If you do not follow battery tech news, this is something some researchers are still trying to achieve. When they eventually do, they say these batteries will take some years to reach production.
To give you an idea of what this represents, the Tesla Model 3 battery pack is considered as one of the best available for EVs. In January, Jack Rickard disassembled one and said its 2170 cells had a 247 Wh/kg energy density.
If it could have 500 Wh/kg all of a sudden, you would have a car that could travel double the current distances. If a Model 3 Long Range goes 310 mi, it could suddenly go 620 mi or even a little more than that.
What would this represent to electric pickup trucks? That would have a massive impact on everything that is being done today. That’s why we need more evidence that this is for real before celebrating anything. Unfortunately, Nikola did not provide that so far. Instead, it has pushed even bolder claims.
According to the release, this prototype battery would cost 50 percent less of what a Li-ion battery requires. That makes us wonder what materials this battery uses. Sulfur? Selenium? Why is it so much cheaper?
Nikola Motors does not clarify that, but it is certainly something different, probably without lithium. It would be “environmentally friendly,” “easy to recycle,” and not “toxic.” That is perhaps why the company says it wants to share the tech with other OEMs.
The only case we have seen of an automaker sharing its tech with others for free was Volvo charging nothing for the three-point seatbelt. It could have made a fortune with royalties, but it preferred to save millions of lives.
Nikola Motors’ technology promises to save the environment, but can it really do that? Apparently, Nikola’s generosity is more a way to join forces to make this happen faster – with proper funding – than any environmental concern. The only technical detail the company provides is this one:
Nikola prototype cell is the first battery that removes binder material and current collectors, enabling more energy storage within the cell. It is also expected to pass nail penetration standards, thus reducing potential vehicle fires.

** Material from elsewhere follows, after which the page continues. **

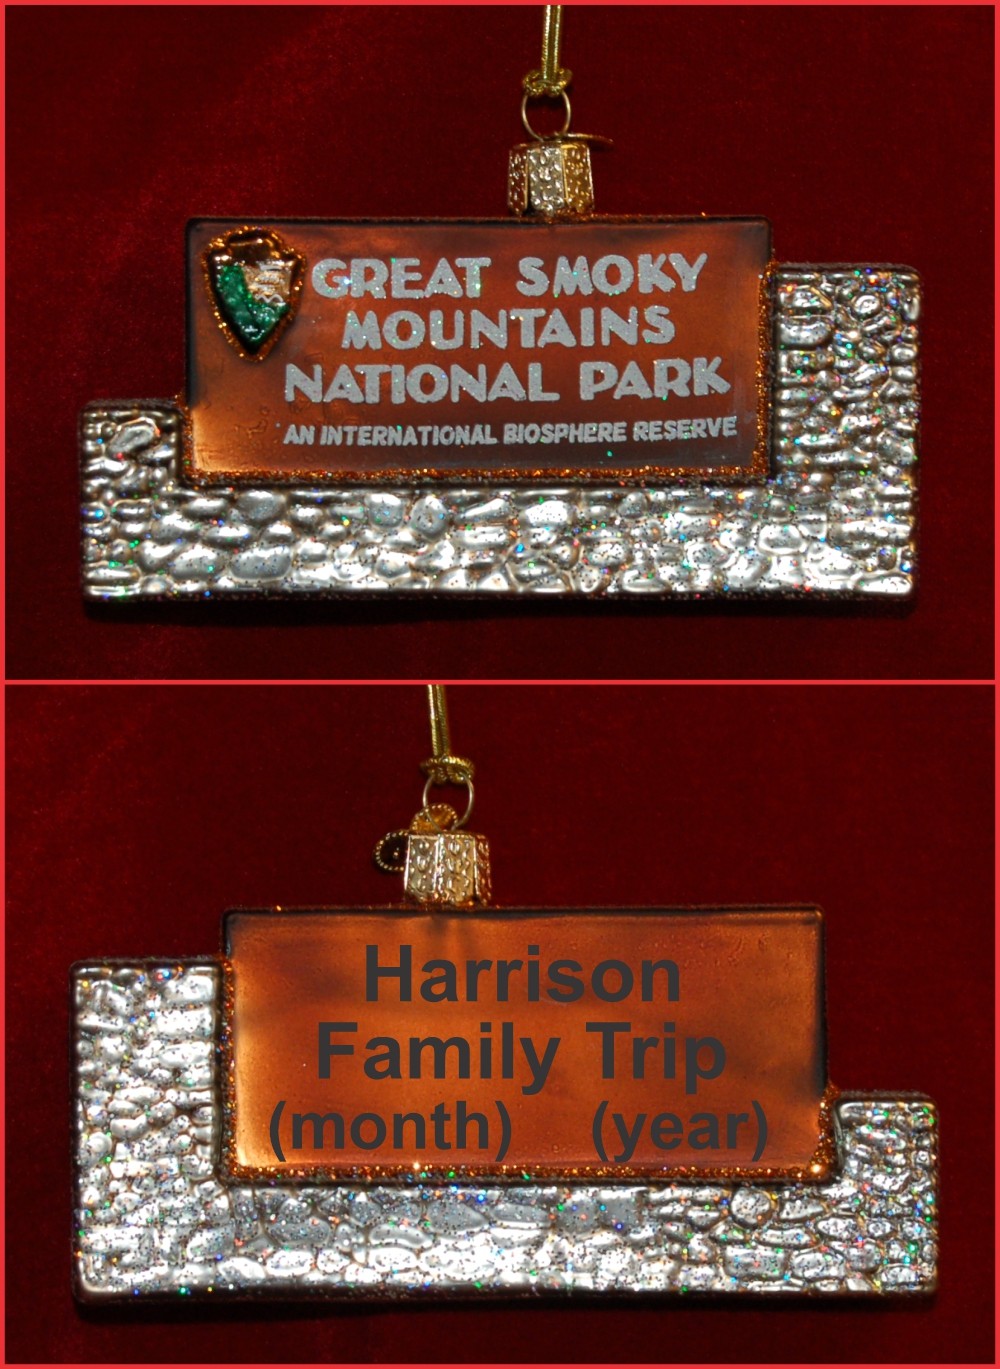 Great Smoky Mountains National Park Christmas Ornament Personalized by RussellRhodes.com

The company also mentions it will be the first “free-standing electrode automotive battery,” but that does not help much in figuring out what it is. Nikola is in talks with “a world-class battery engineering team to help bring the new battery to pre-production.”
Did this team develop the revolutionary cells? Or was it a Nikola development? None of this is apparent at this point, so we are left just with the promises of what it could make. That said, we prefer to be skeptical until Nikola shows us something more concrete.
If the company is willing to share the tech with other automakers, it will surely not mind sharing it with us before Nikola World 2020. If it doesn’t, and the only thing it intends to present a year from now is a prototype battery, it will not hurt to wait to believe any of these bold claims. Wouldn’t it be amazing if they were true?